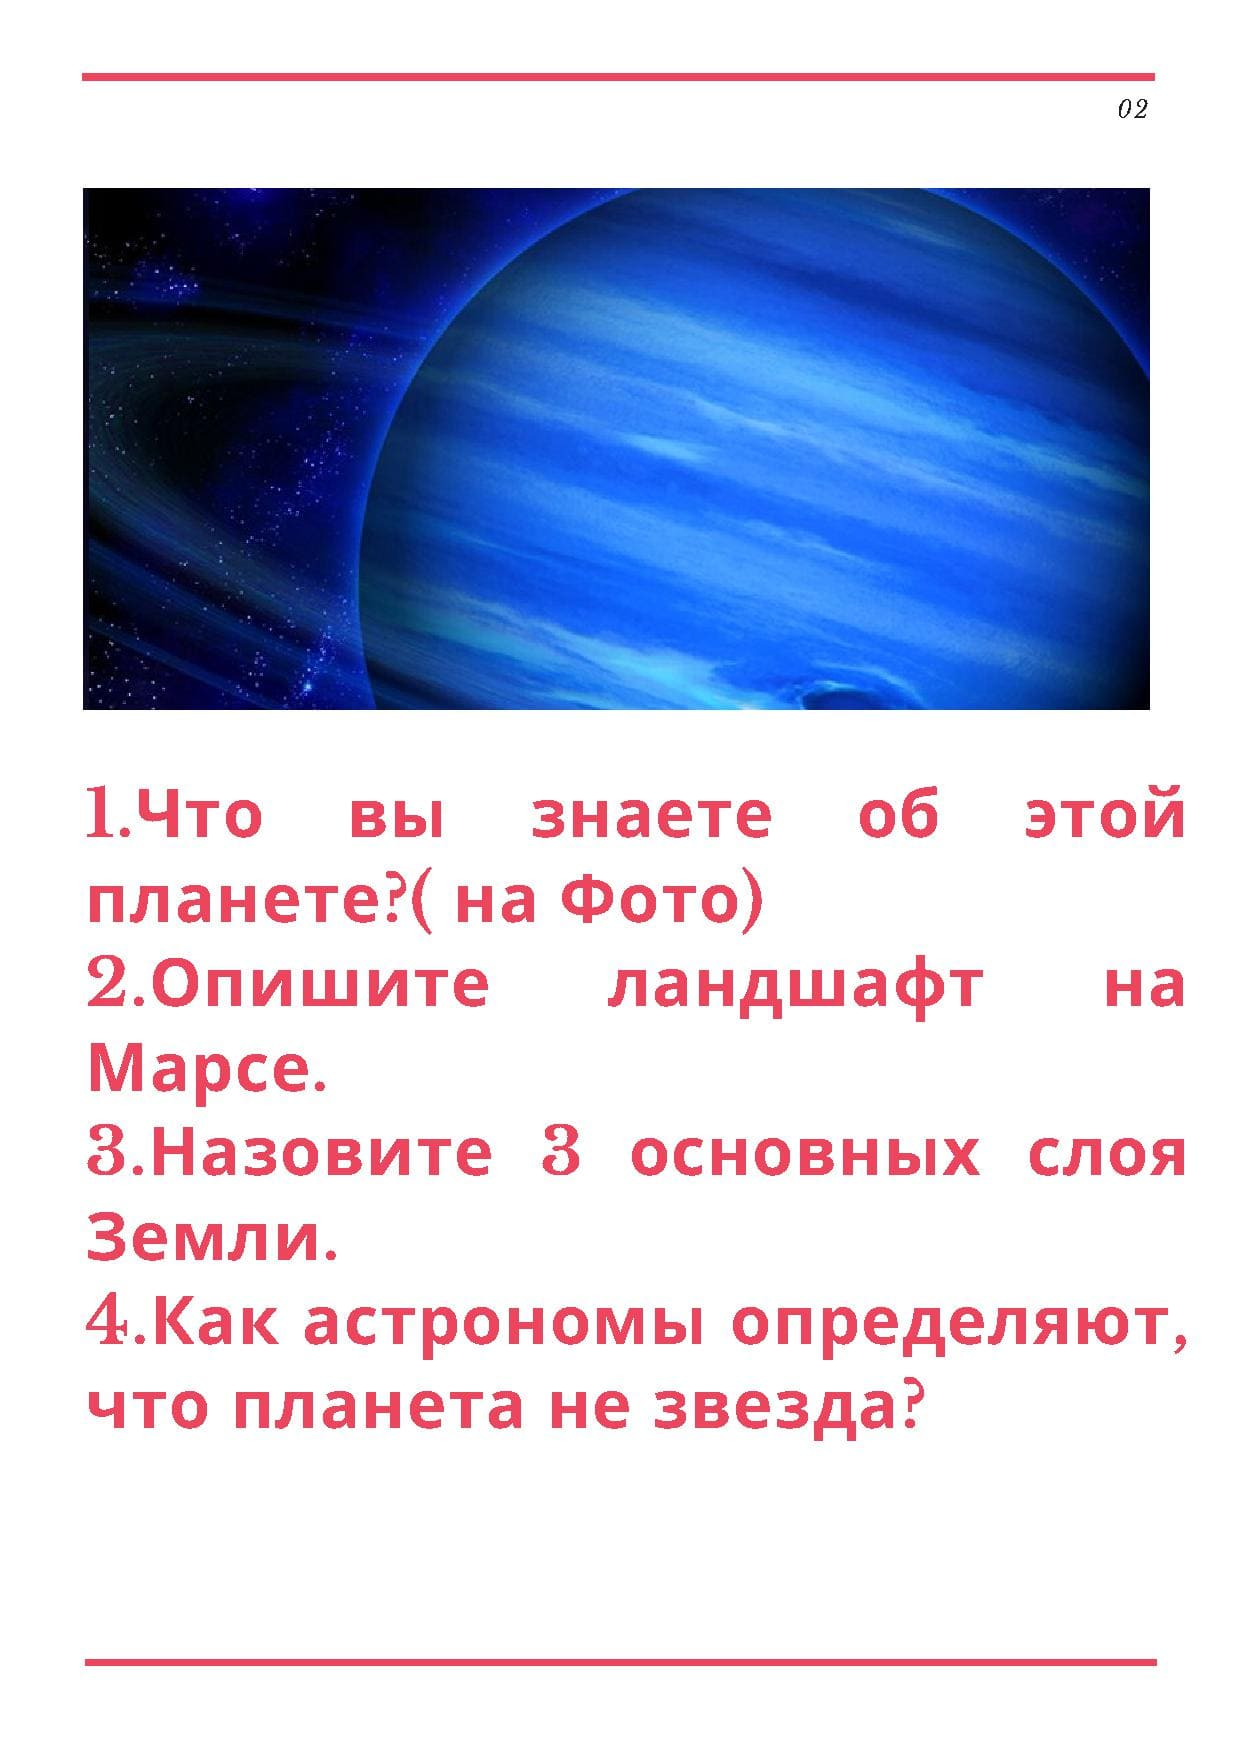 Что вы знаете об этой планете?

┄┄┄┄┄┄┄┄┄┄

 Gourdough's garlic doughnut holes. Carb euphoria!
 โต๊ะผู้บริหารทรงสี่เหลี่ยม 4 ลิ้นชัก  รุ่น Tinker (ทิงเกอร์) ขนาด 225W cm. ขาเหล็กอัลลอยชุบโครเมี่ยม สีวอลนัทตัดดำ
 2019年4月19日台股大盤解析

┄┄┄┄┄┄┄┄┄┄

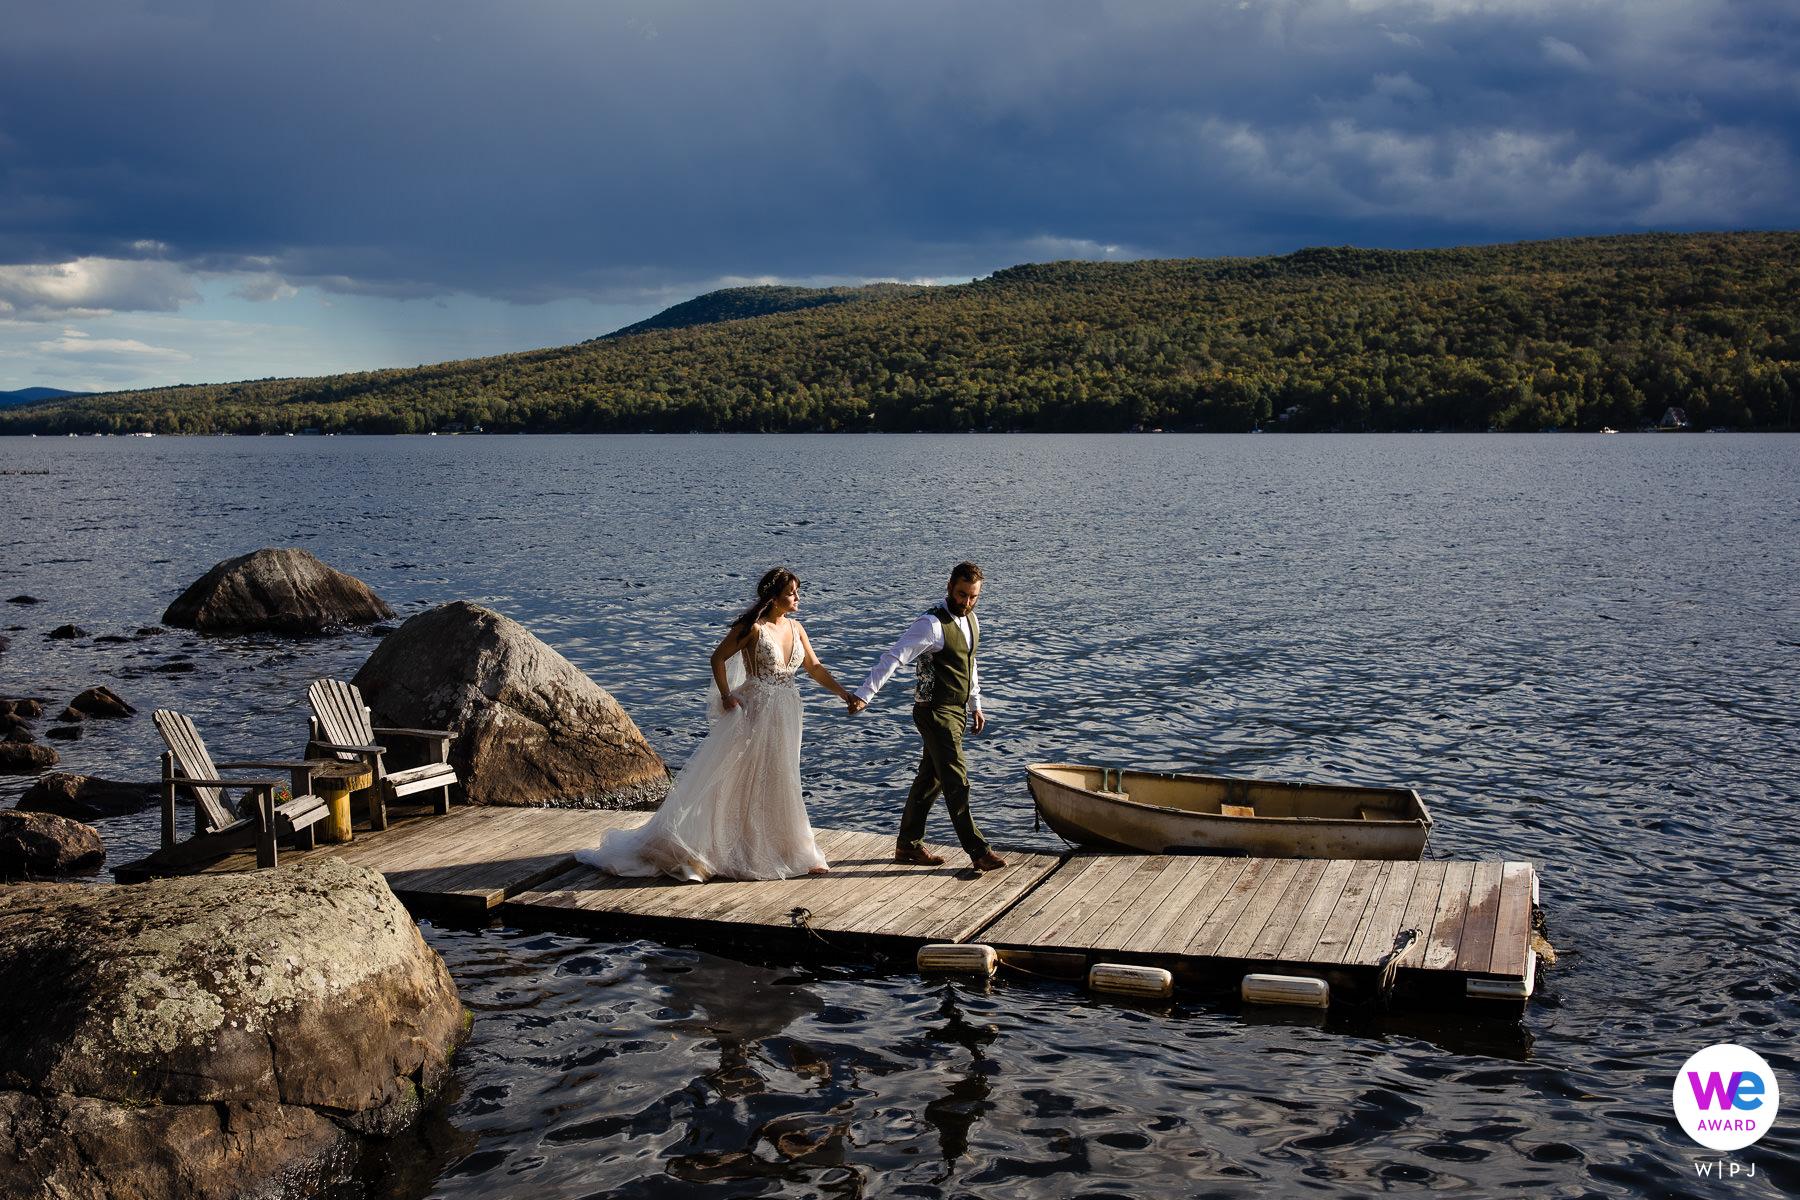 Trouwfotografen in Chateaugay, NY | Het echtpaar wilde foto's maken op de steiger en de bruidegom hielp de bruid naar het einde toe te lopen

┄┄┄┄┄┄┄┄┄┄

WHAT THE TASK ASKS:
Proceeding from the line containing "Gourdough's garlic doughnut" through the line containing "2019年4月19日台股大盤解析", transcribe the lines above exactly, both end lines included.

TASK RESPONSE:
 Gourdough's garlic doughnut holes. Carb euphoria!
 โต๊ะผู้บริหารทรงสี่เหลี่ยม 4 ลิ้นชัก  รุ่น Tinker (ทิงเกอร์) ขนาด 225W cm. ขาเหล็กอัลลอยชุบโครเมี่ยม สีวอลนัทตัดดำ
 2019年4月19日台股大盤解析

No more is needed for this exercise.